Top down modeling and bottom up dynamics: Linking a fisheries based ecosystem model with climate hypotheses in the Northern California Current

Field, J.C., R.C. Francis, and K Aydin. 2006. Top down modeling and bottom up dynamics: Linking a fisheries based ecosystem model with climate hypotheses in the Northern California Current. Progress in Oceanography 68(2-4): 238-270, doi:10.1016/j.pocean.2006.02.010.

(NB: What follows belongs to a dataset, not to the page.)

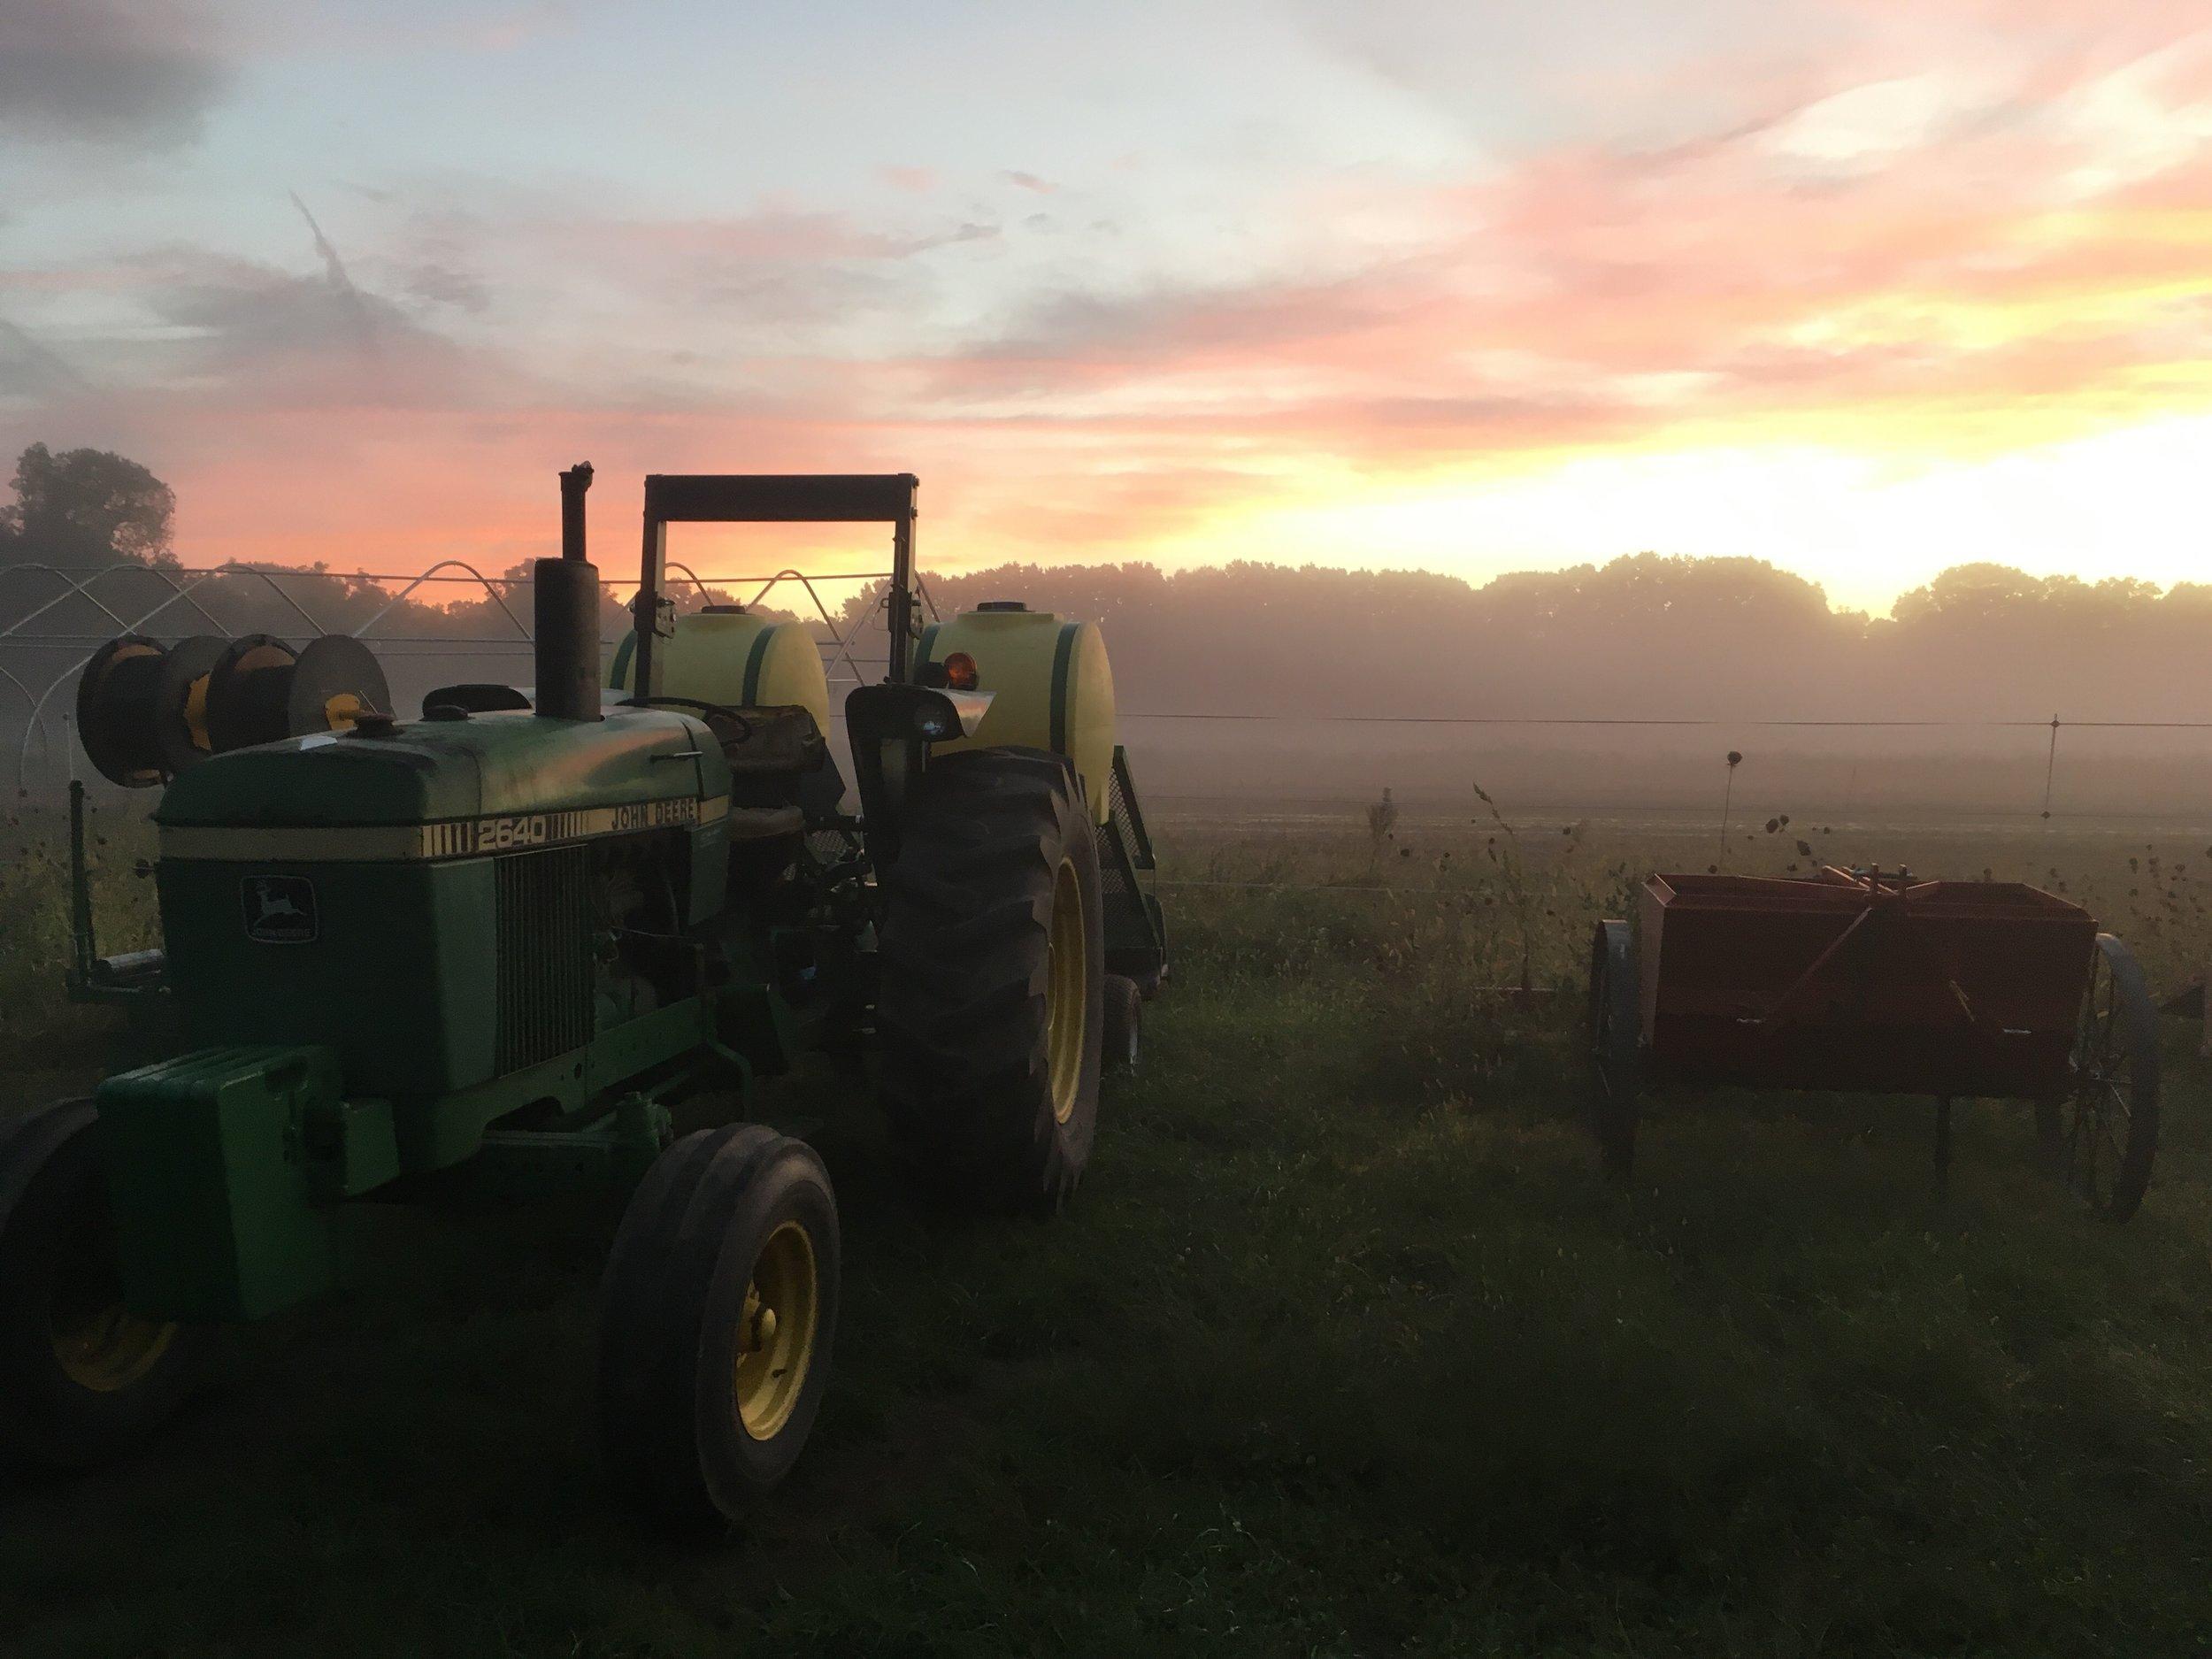 Fall on the farm is prime sunset photo season!

In this paper we present results from dynamic simulations of the Northern California Current ecosystem, based on historical estimates of fishing mortality, relative fishing effort, and climate forcing. Climate can affect ecosystem productivity and dynamics both from the bottom-up (through short- and long-term variability in primary and secondary production) as well as from the top-down (through variability in the abundance and spatial distribution of key predators). We have explored how the simplistic application of climate forcing through both bottom-up and top-down mechanisms improves the fit of the model dynamics to observed population trends and reported catches for exploited components of the ecosystem. We find that using climate as either a bottom-up or a top-down forcing mechanism results in substantial improvements in model performance, such that much of the variability observed in single species models and dynamics can be replicated in a multi-species approach. Using multiple climate variables (both bottom-up and top-down) simultaneously did not provide significant improvement over a model with only one forcing. In general, results suggest that there do not appear to be strong trophic interactions among many of the longer-lived, slower-growing rockfish, roundfish and flatfish in this ecosystem, although strong interactions were observed in shrimp, salmon and small flatfish populations where high turnover and predation rates have been coupled with substantial changes in many predator populations over the last 40 years.